But I must also say I do not deal with McAfee home version at all and I haven't in years I only deal with McAfee enterprise edition (corporate stuff) and it does a very good job. 

For the home I use to recommend Symantec but then I changed to recommending f-secure. I am now researching TrendMicro software for home use but I have not finished testing it yet.


----------



## OUMoose (Aug 28, 2006)

I'm with Bob.  I've used AVG for quite a while now and never had a problem.  The updates are frequent and their detection engine is better than McAfee's (I've experienced this first hand).  

If you're insisting on a commercial product, TrendMicro is the way I would go.  Trend has a free scanning engine as well that you can use from a boot disk for those "oh crap" moments.

Basically, be safe when you're on the net.  Don't click on suspicious things; let paranoia be your friend.  Run a hardware firewall, or at least a software one (not nearly as good, but at least it's something) if you're worried about intrusion.  








...And if all else fails, blame Carol.


----------



## fireman00 (Aug 29, 2006)

AVG - CAN'T BEAT IT!  Its updated very frequently, it does a fantastic job on scanning the system, its very system resource friendly and its FREE.

I've found that both McAffee and Norton are both memory hogs.


----------



## Brian R. VanCise (Aug 29, 2006)

What about Panda?  Does anyone here use it and is it good or not?

Brian R. VanCise
www.instinctiveresponsetraining.com


----------



## Marvin (Aug 29, 2006)

OUMoose said:
			
		

> Basically, be safe when you're on the net.
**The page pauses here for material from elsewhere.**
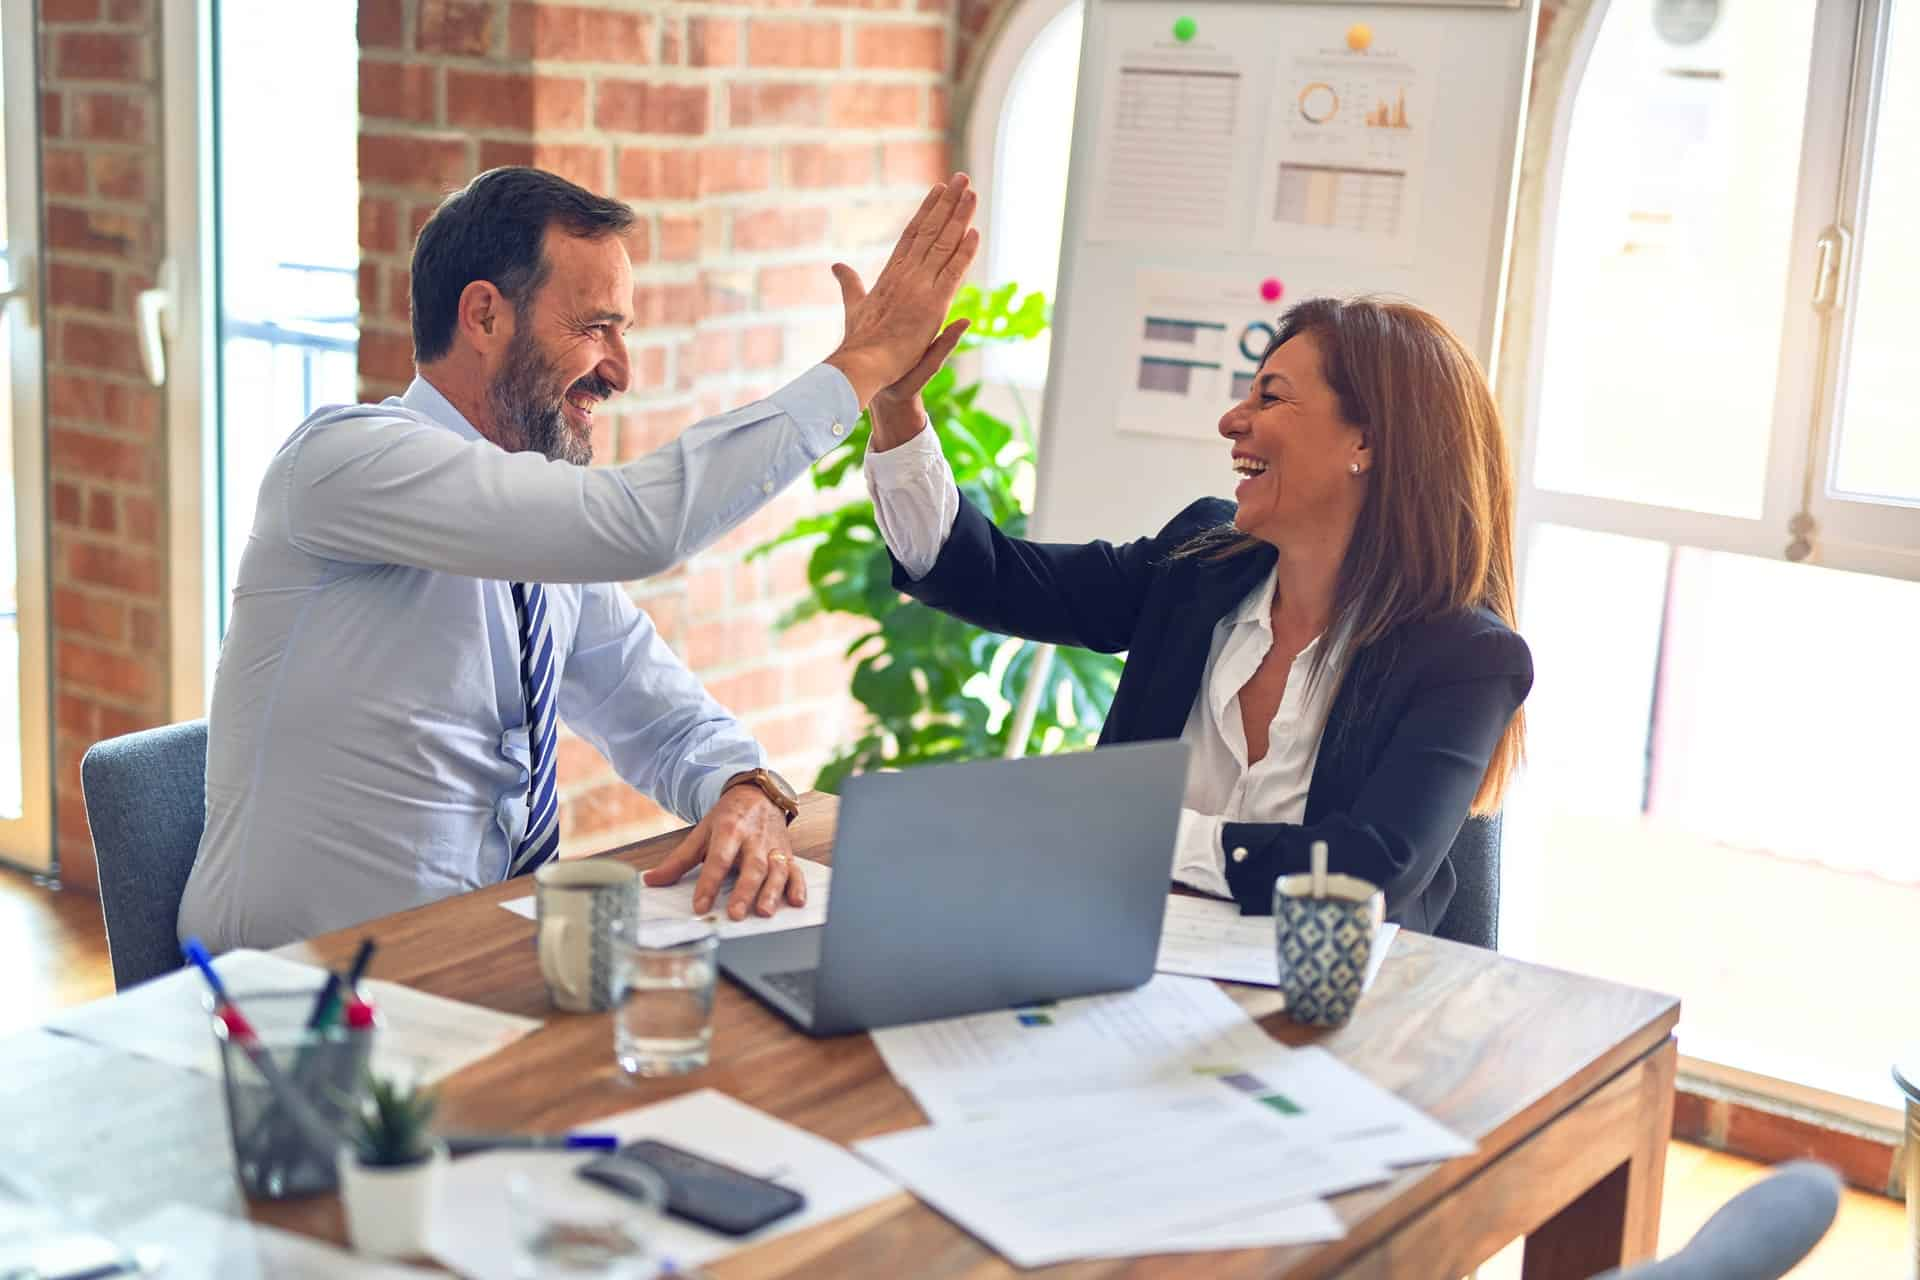 Employee Engagement Programs that Work: 5 Keys

Don't click on suspicious things; let paranoia be your friend. Run a hardware firewall, or at least a software one (not nearly as good, but at least it's something) if you're worried about intrusion.
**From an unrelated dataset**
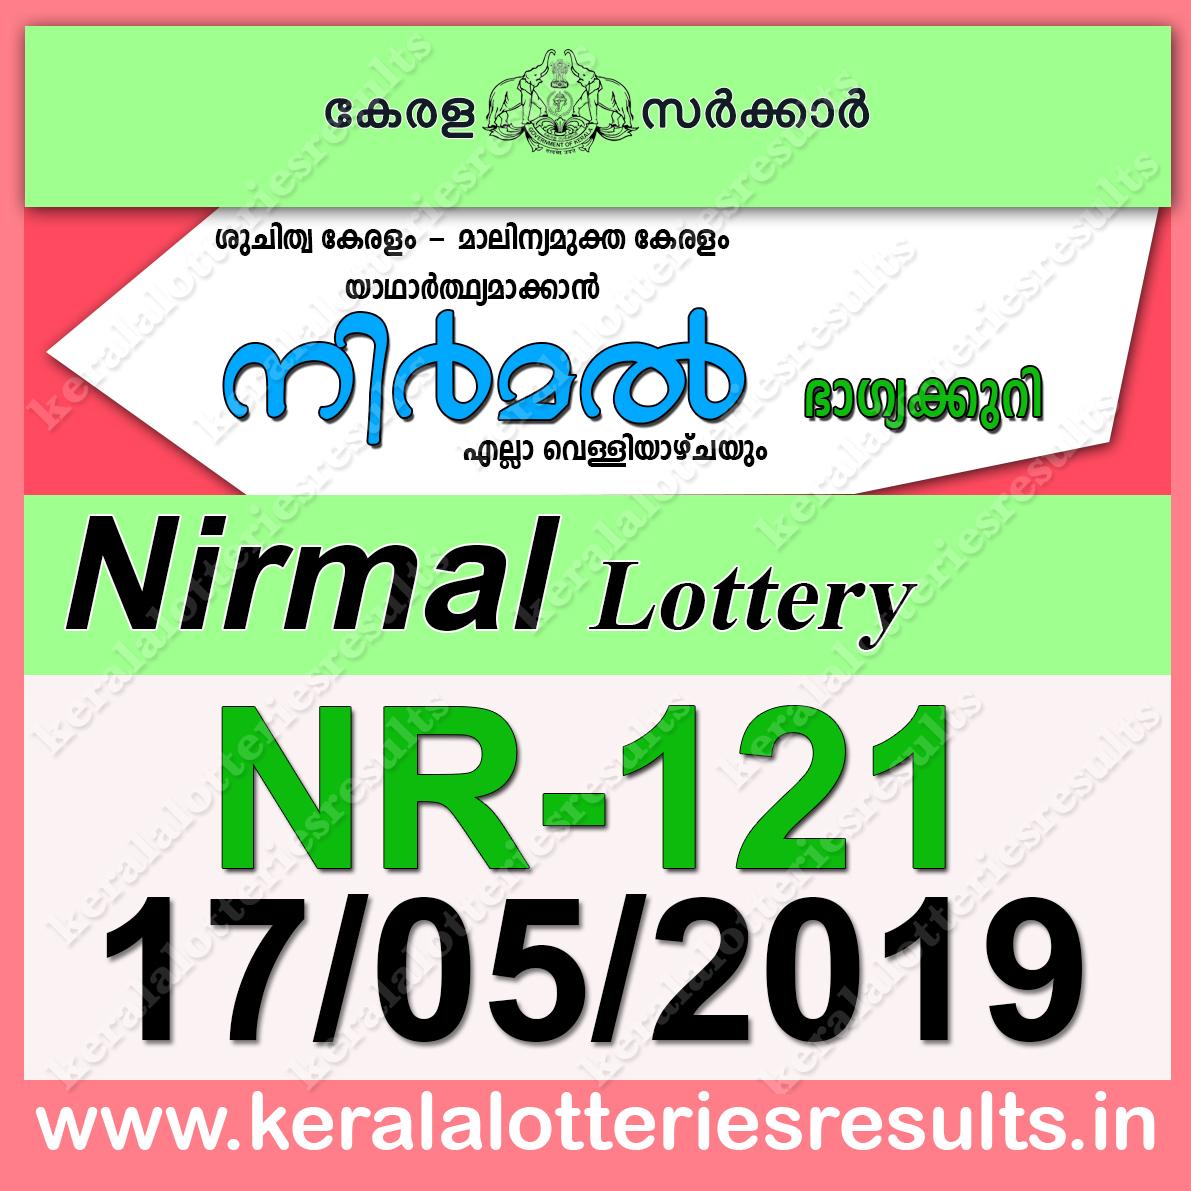 05 >> Kerala Lottery Results 17 05 2019 Nirmal Lottery Result Nr 121

I have the xp firewall, what is a hardware firewall?


----------



## Brian R. VanCise (Aug 29, 2006)

Marvin said:
			
		

> I have the xp firewall what is a hardware firewall?


 
I think that he meant hardwire firewall!

Brian R. VanCise
www.instinctiveresponsetraining.com


----------



## Marvin (Aug 29, 2006)

Brian R. VanCise said:
			
		

> I think that he meant hardwire firewall!
> 
> Brian R. VanCise
> www.instinctiveresponsetraining.com


 
I don't know what that is either :idunno:


----------



## Andrew Green (Aug 29, 2006)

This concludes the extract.